Blog – Estamos falando de um universo de quantas instituições, somando SMED e FASC, e de quantas crianças atendidas?

Carolina – Hoje pela SMED, na educação infantil, nós temos 207 instituições atendendo em torno de 20 mil crianças, 98% da educação infantil em Porto Alegre. São 22 instituições na educação integral, que atendem o contraturno da escola, atendendo quase 10 mil crianças. Na FASC, temos 96 instituições no serviço de convivência que atendem cerca de 9 mil crianças. Os serviços de trabalho educativo, habilitação e reabilitação, que são 27 instituições. Muitas vezes elas têm vários programas e serviços de parceria.  

Blog – Como vocês recebem essa justificativa por parte do município de que é uma suspensão temporária, de 60 dias, em função de que as instituições não estão trabalhando?

Carolina – Estávamos trabalhando, sim. Pela FASC nós estávamos em plantão fazendo a distribuição de rancho e orientando as famílias. Pela SMED também estávamos aguardando e de plantão, fazendo, conforme combinado na reunião, toda a orientação e até o início do mês as instituições ainda estavam oferecendo almoço para as crianças. Nós estávamos trabalhando e é importante dizer que não se está trabalhando (agora) porque não querem. Não estamos trabalhando por uma força maior, mas as instituições estão sempre dispostas a fazer o trabalho lá na ponta, como já fazíamos até agora. Quando tu fizer uma proposta, como o próprio prefeito fez uma fala para uma rádio, dizendo que as instituições seriam os agentes comunitários na comunidade, nós não temos problema nenhum de ser – queremos ser, trabalhar e fazer a diferença, como sempre fizemos. O que também não dá para fazer é prejudicar tanto os funcionários neste momento, que já ganham tão pouco e têm tanta responsabilidade. Eles ainda podem ser prejudicados por perderem algum real do seu salário. E qual é a garantia que nós instituições também temos de que depois vão continuar os nossos serviços e se fechar? Então usa o nosso serviço agora também. Muitas instituições têm que pagar aluguel, têm gastos com segurança (porteiro, alarme, câmeras, etc.), todas essas questões de manutenção, envolvendo contador, nutricionista. Como mantém toda essa estrutura?

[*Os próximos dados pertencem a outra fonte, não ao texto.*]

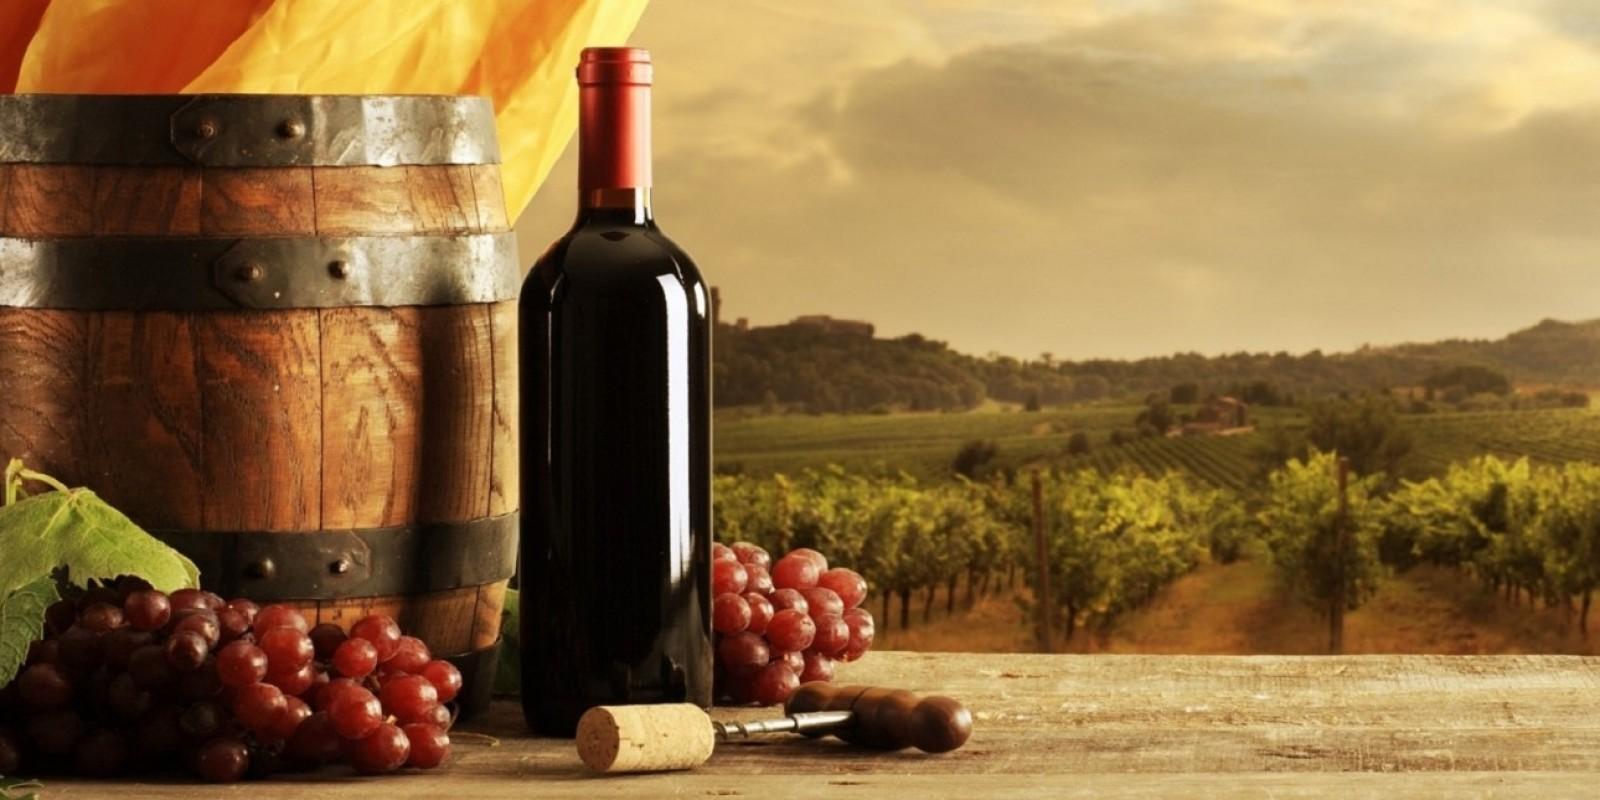 Risultati immagini per vino novello napoli da vivere

Blog – Tem ideia de quantos funcionários afetados?

Carolina – Somente na educação infantil são quatro mil funcionários, incluindo professores, serviços gerais, cozinha.

Blog – Podemos dizer que, no todo, essas escolas e instituições de assistência social têm uma relação de dependência em relação ao repasse do município?

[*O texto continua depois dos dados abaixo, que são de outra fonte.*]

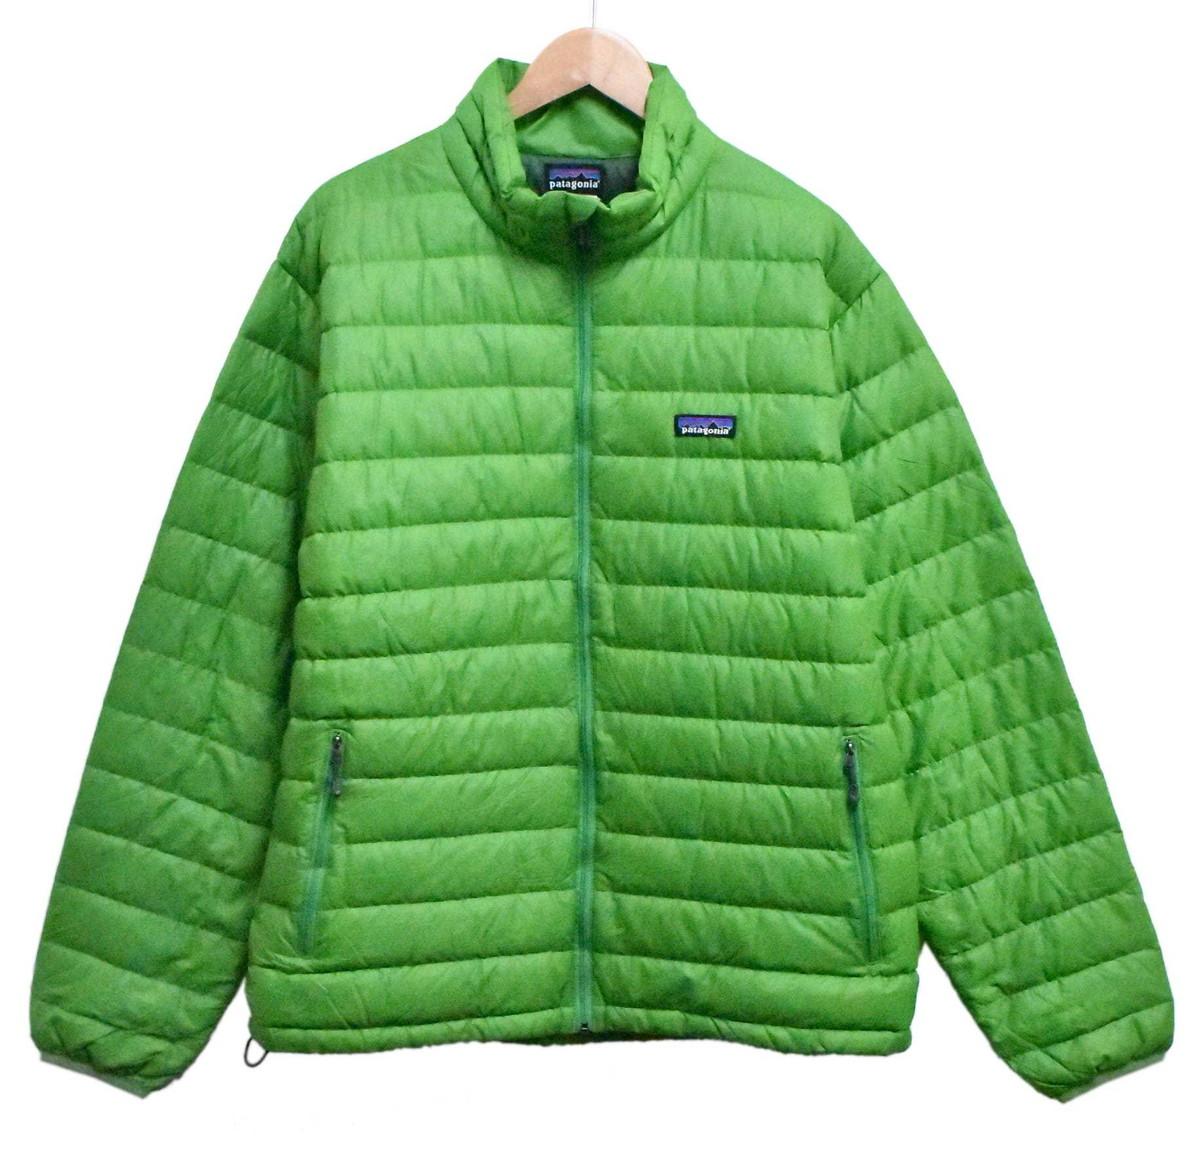 patagonia パタゴニア Down Sweater ダウンセーター 薄手 ダウンジャケット グリーン メンズL相当【中古】▼

Carolina – Infelizmente sim. Porque como somos instituições não-governamentais, sem fins lucrativos, nossa fonte de renda se dá através das parcerias ou das doações, mas as doações não são sistemáticas. Elas são voluntárias, não têm um valor certo, um período certo. Não tem como contar com aquela doação. O que contamos é com uma parceria que tem um termo de parceria assinado por um período, no nosso caso, cinco anos. É complicado.

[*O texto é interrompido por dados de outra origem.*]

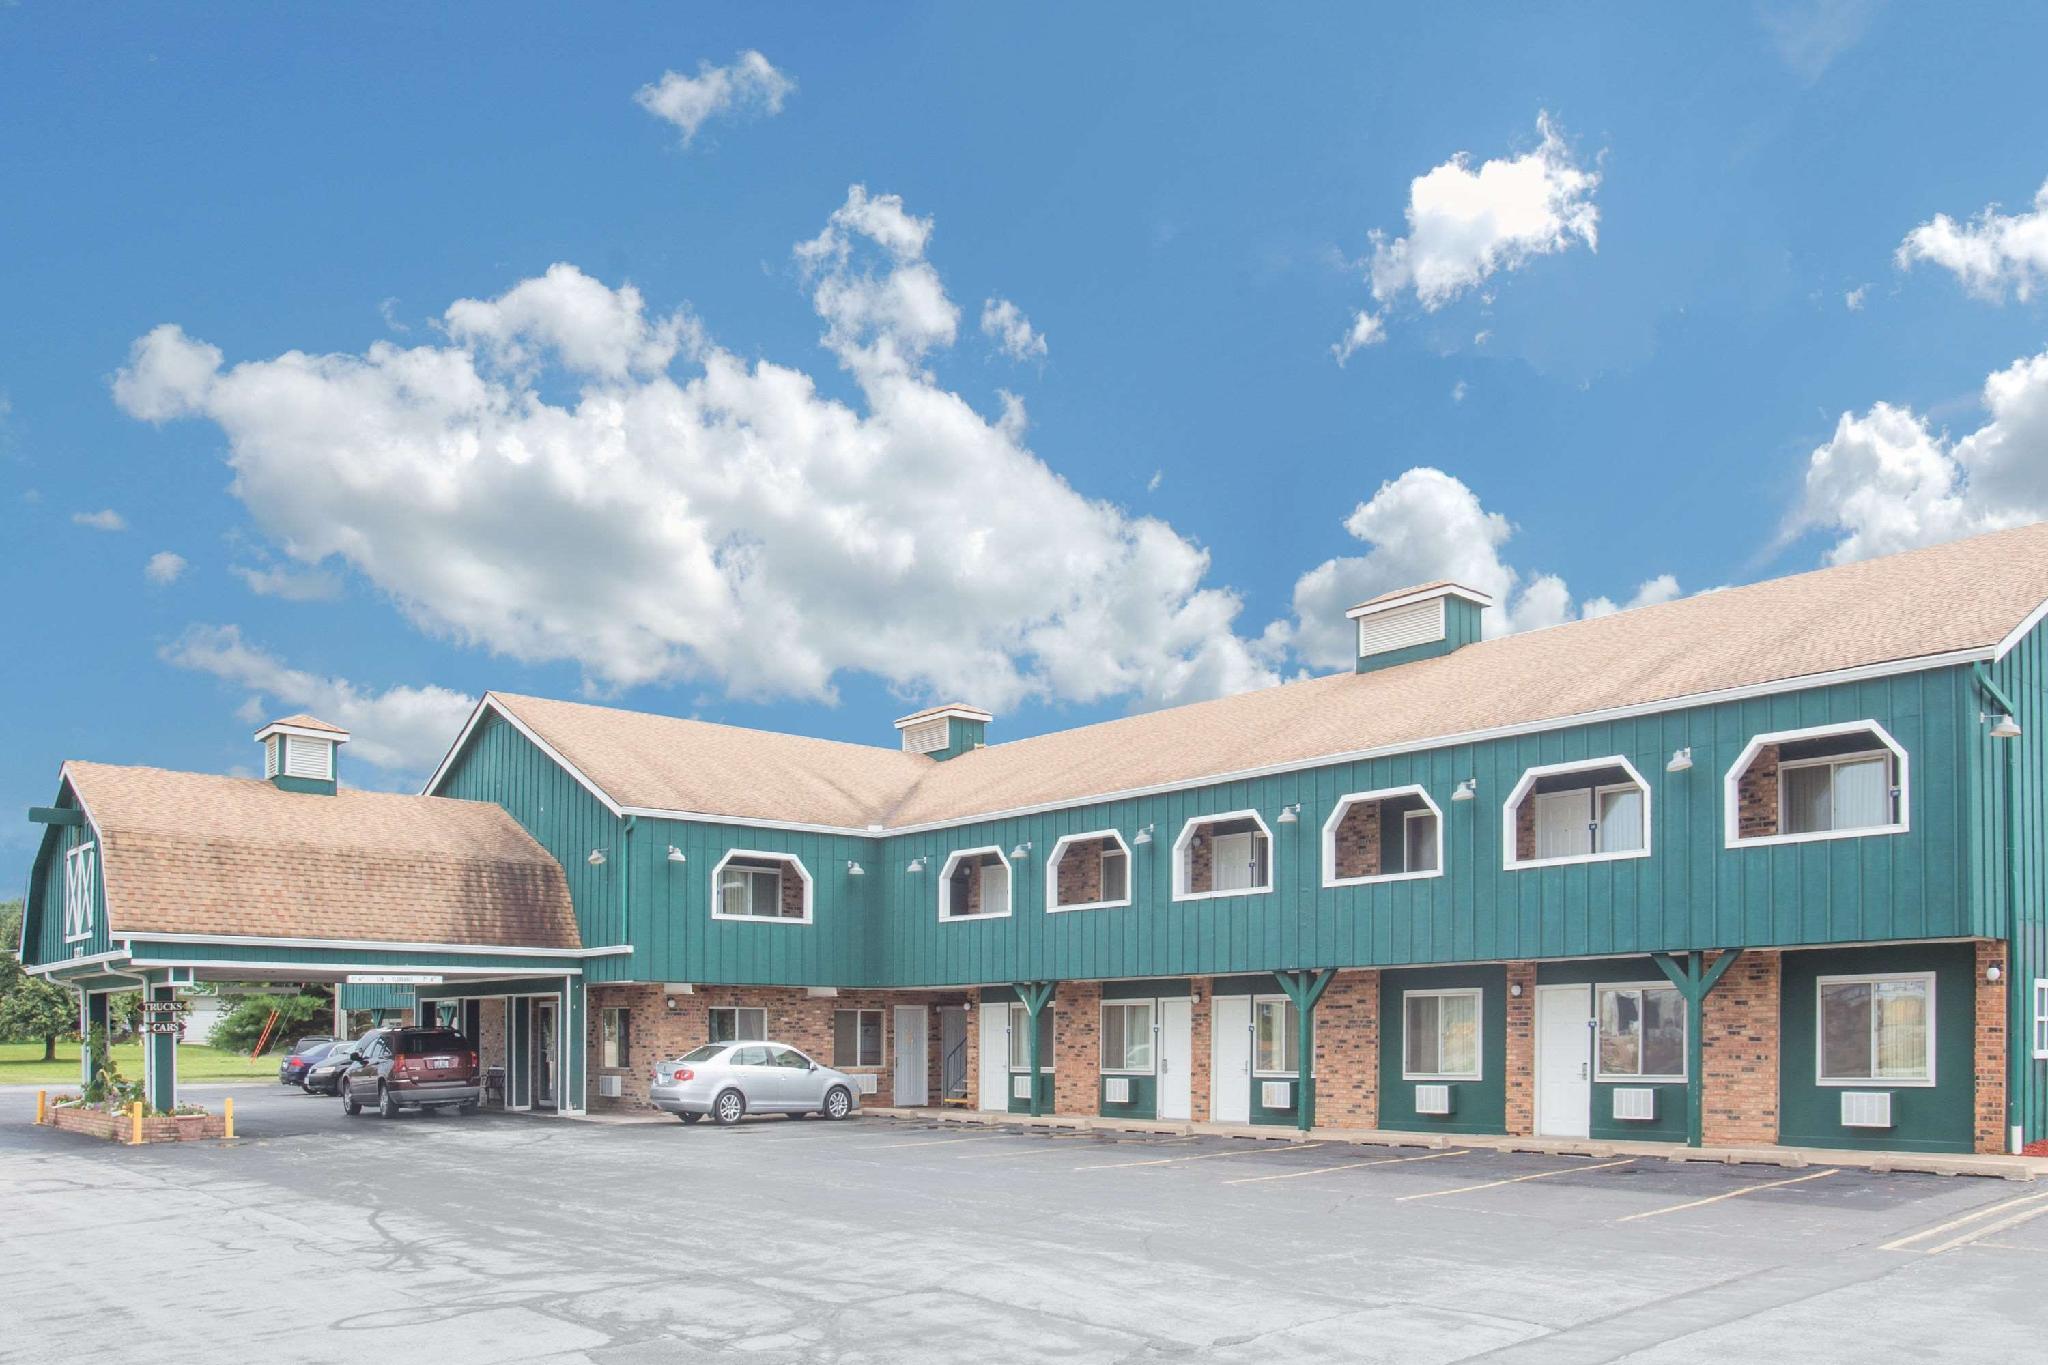 Days Inn by Wyndham Davenport IA, Scott

Blog – Há alguma sinalização por parte do município de talvez flexibilizar isso, rever?

Carolina – Esperamos, sim, que a prefeitura possa rever a sua posição e mantendo pelo menos aquela fala de março, que era uma questão somente de diminuição dos recursos e que nós pudéssemos estar fazendo outro tipo de serviço neste momento. Em paralelo a isso, à continuidade da negociação, nós já contatamos o Ministério Público e o Tribunal de Contas e com uma ação judicial para tentarmos reverter. O MP e o TCE deram prazo até hoje para que a prefeitura responda. Aguardamos que nos próximos dias possam se desenrolar todas essas questões, revendo e fazendo da melhora forma. Na verdade tudo isso se deu pela falta de diálogo da prefeitura. Se tivessem, como lá no final de março, nos chamado enquanto fórum e conversado, tratado desses assuntos, a grande parte disso tudo não teria acontecido. Poderíamos ter chegado a uma negociação, como a gente tenta fazer quando se tem uma parceria. Quando se tem diálogo, se chega a um consenso, exatamente na parceria que deve se ter de ambos os lados. Um precisa do outro.